Task to complete
Return the full listing word for word, but drop every picture from it.
(Data block)
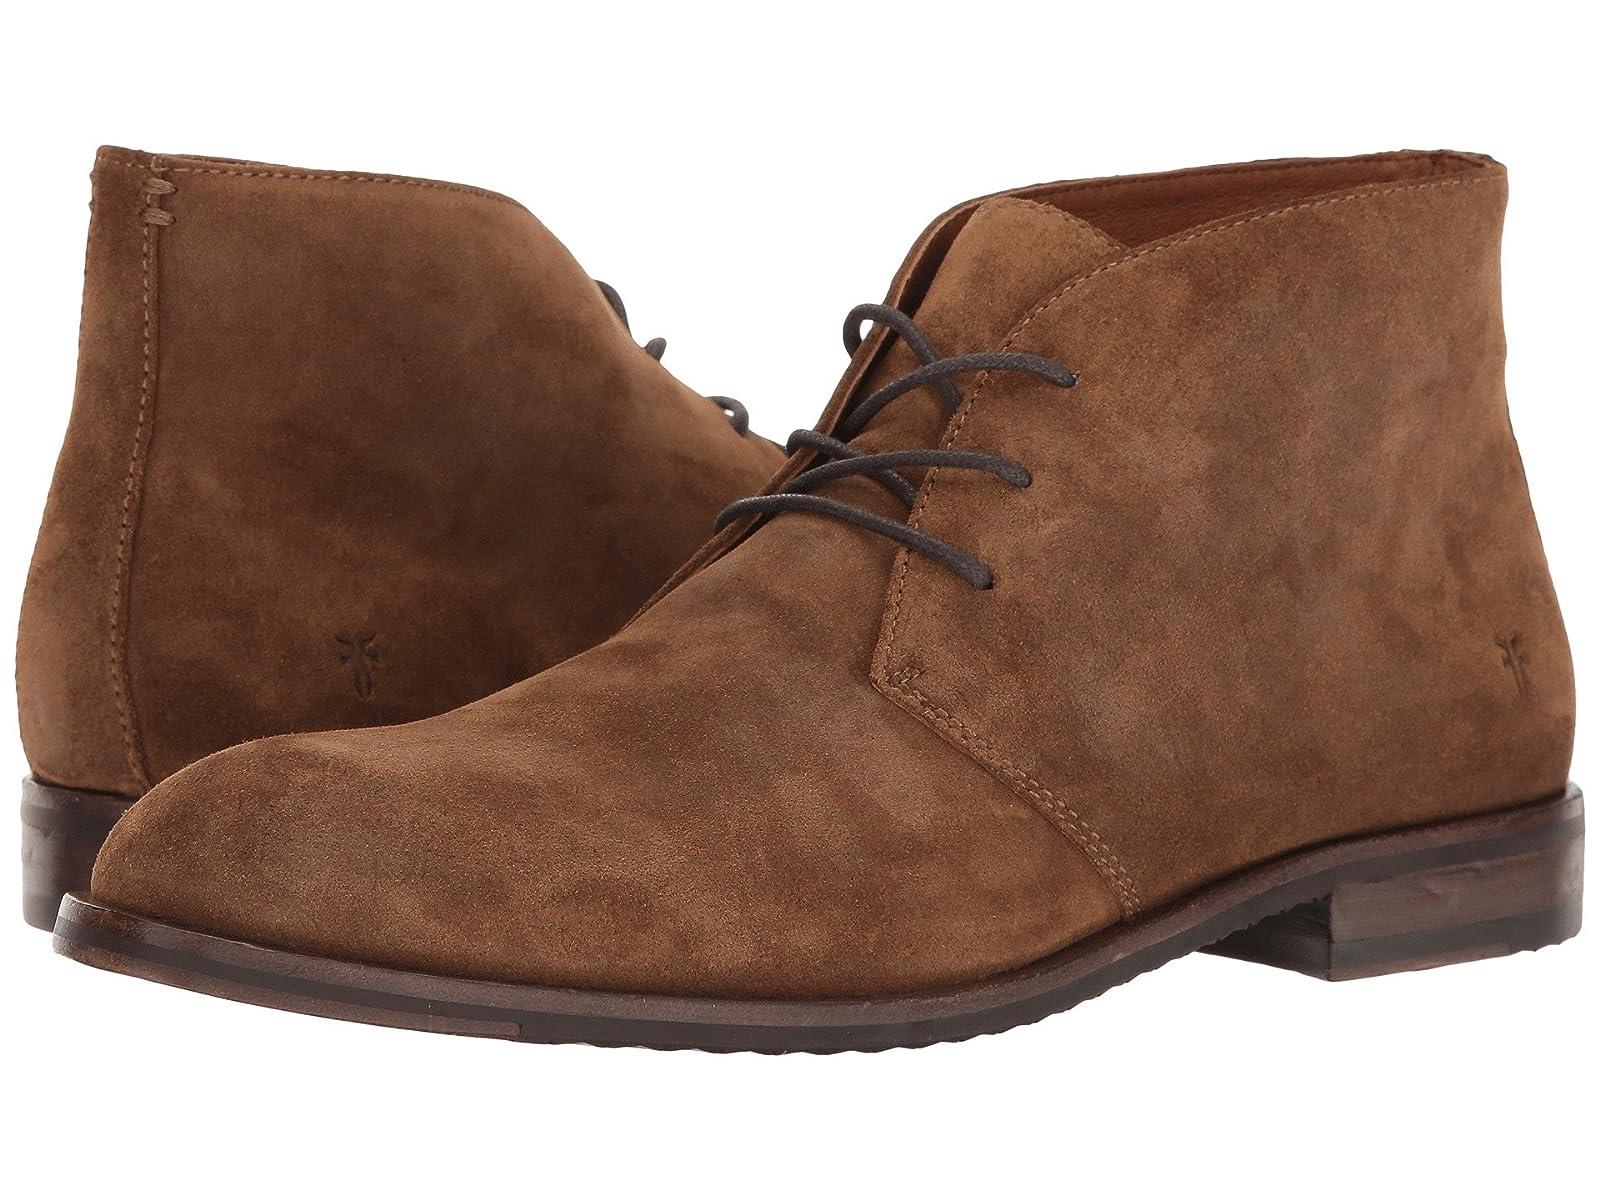 Frye Sam ChukkaCheap and distinctive eye-catching shoes
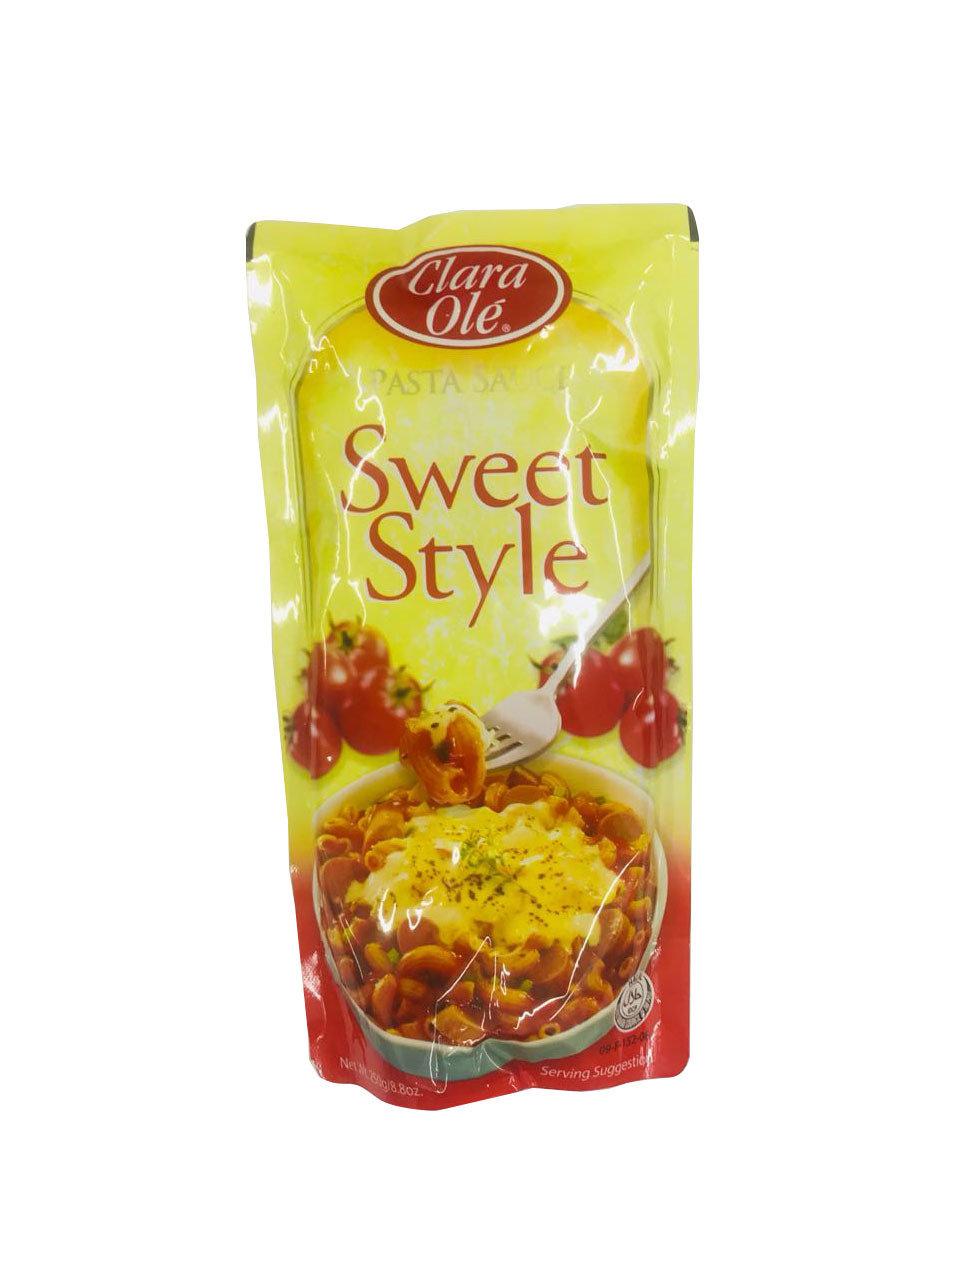 Clara Ole Sweet Style Spaghetti Sauce 250g
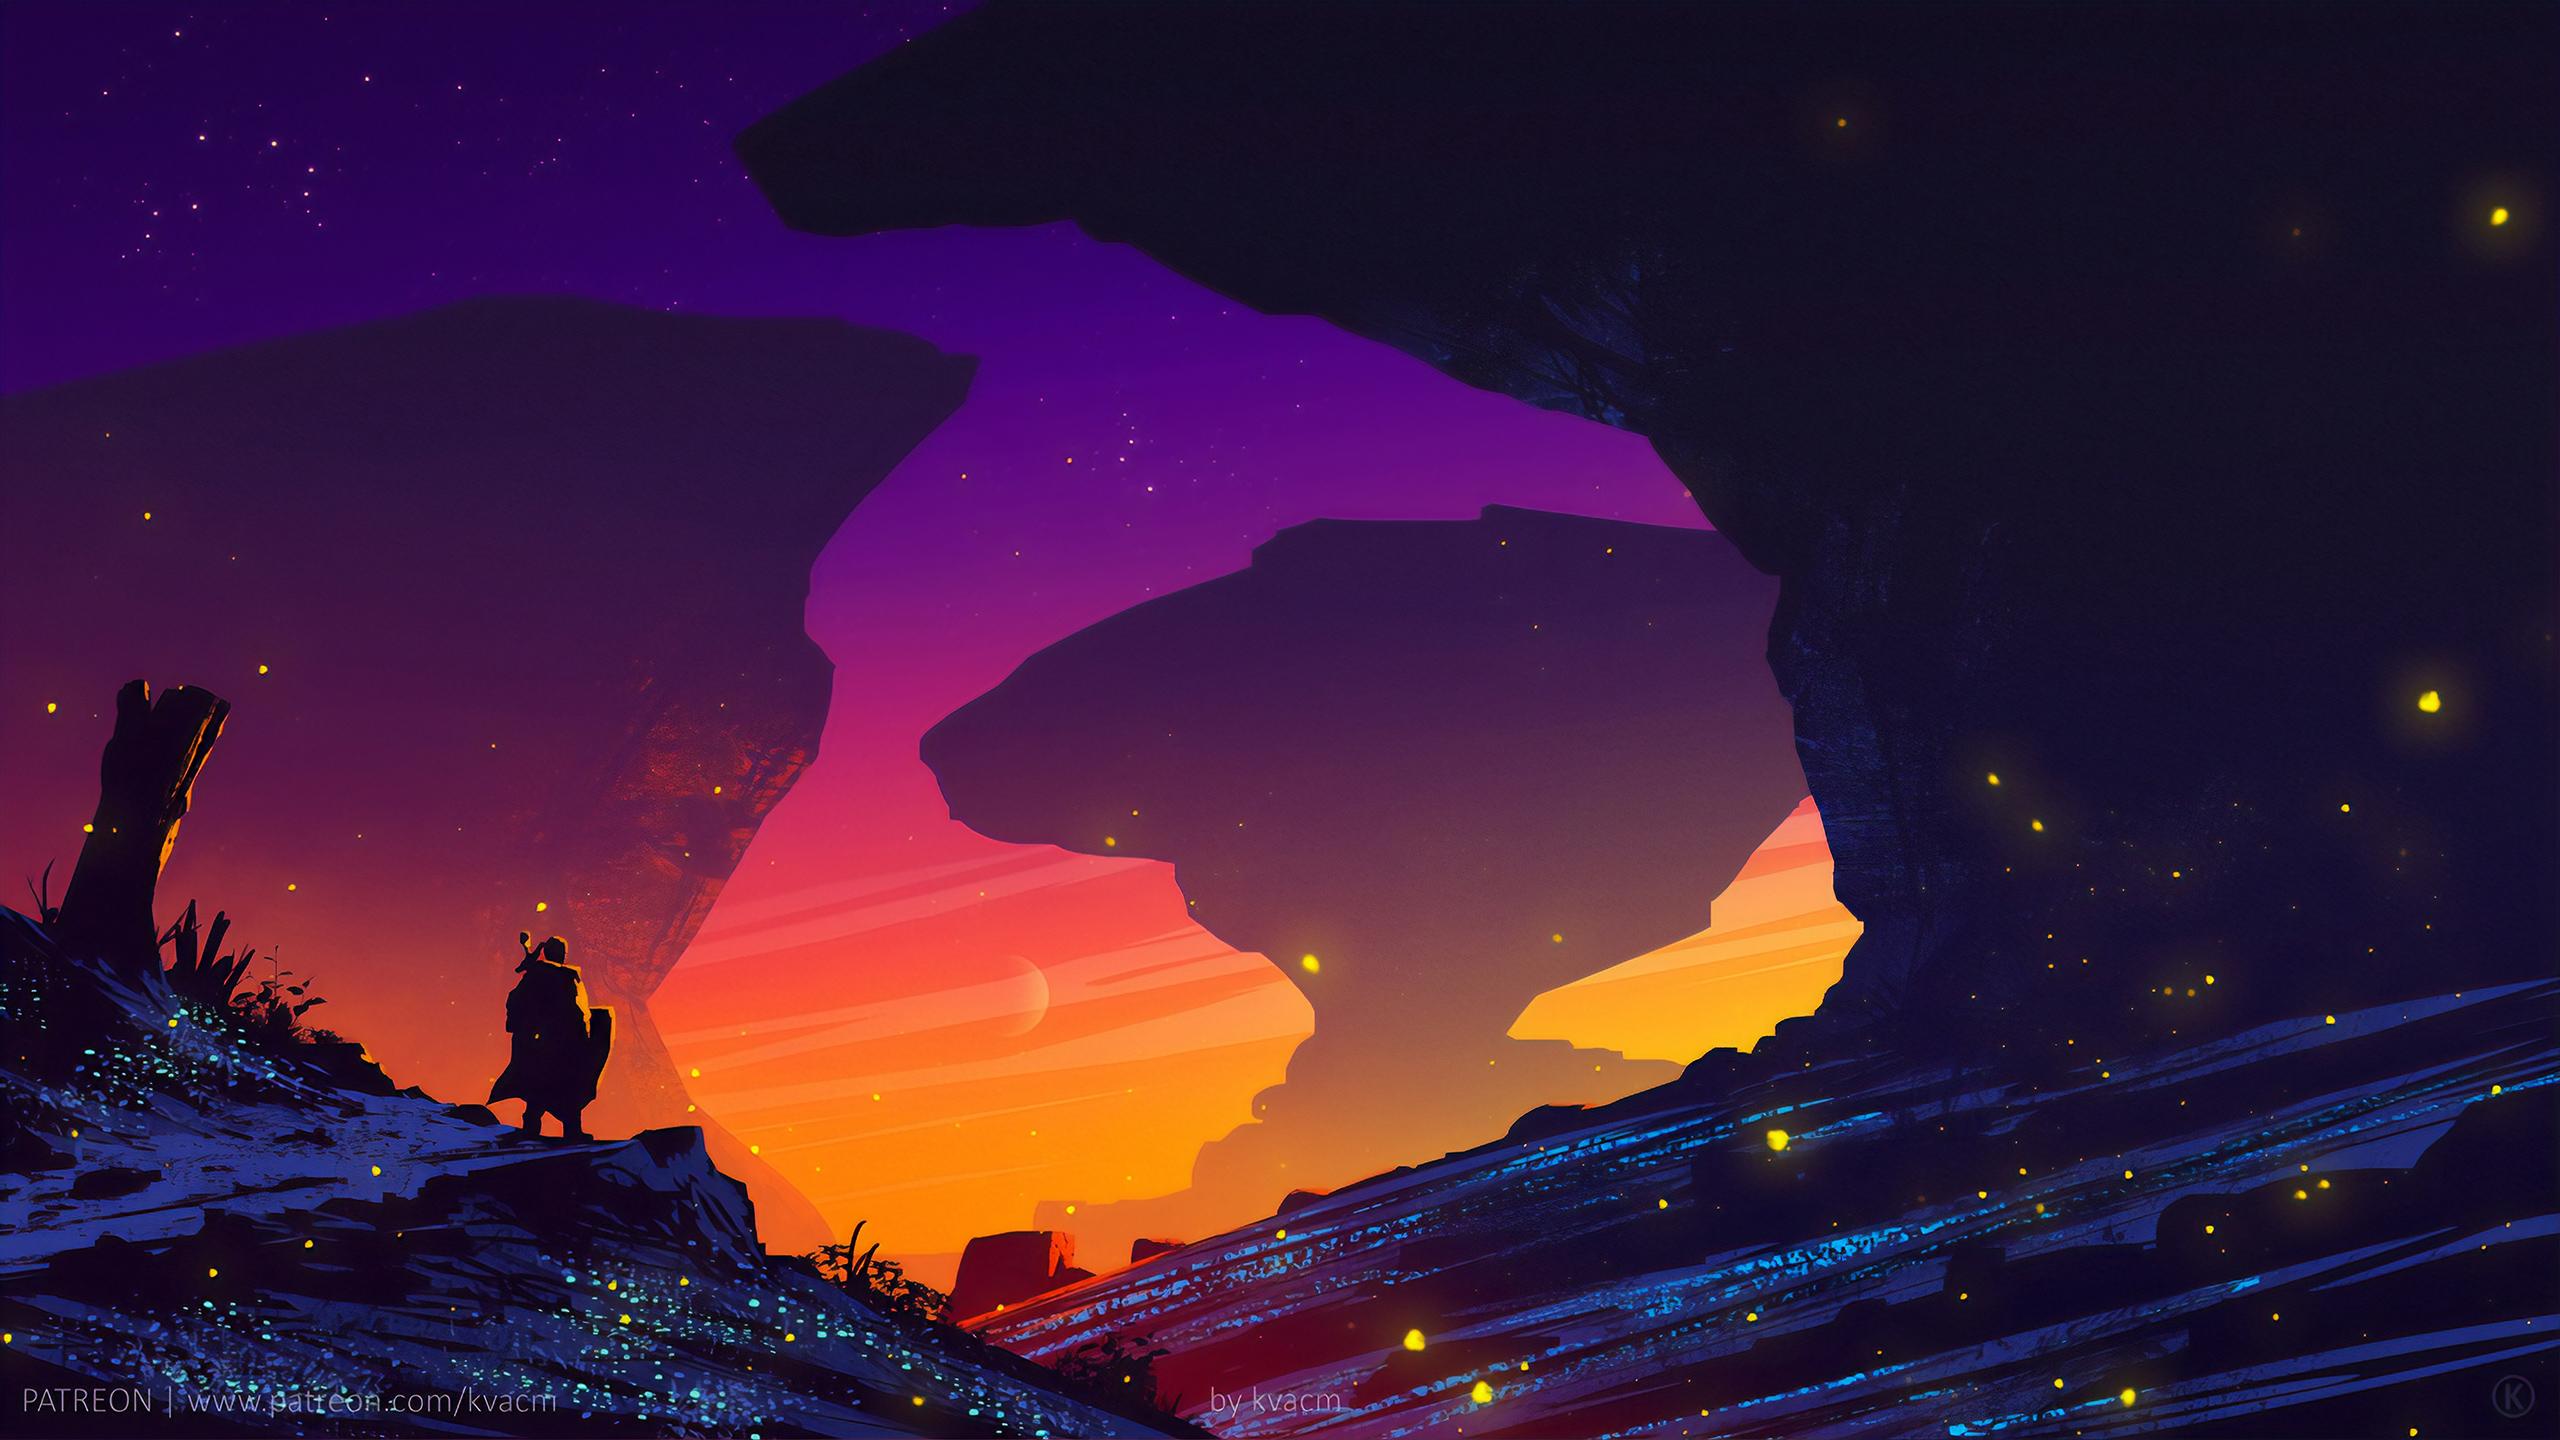 General 2560x1440 digital digital art artwork fantasy art knight silhouette sunset evening landscape digital painting dusk sky rocks stars fairies synthwave Sun
(End Data block)
Response below
 Frye Sam ChukkaCheap and distinctive eye-catching shoes
 Clara Ole Sweet Style Spaghetti Sauce 250g
 General 2560x1440 digital digital art artwork fantasy art knight silhouette sunset evening landscape digital painting dusk sky rocks stars fairies synthwave Sun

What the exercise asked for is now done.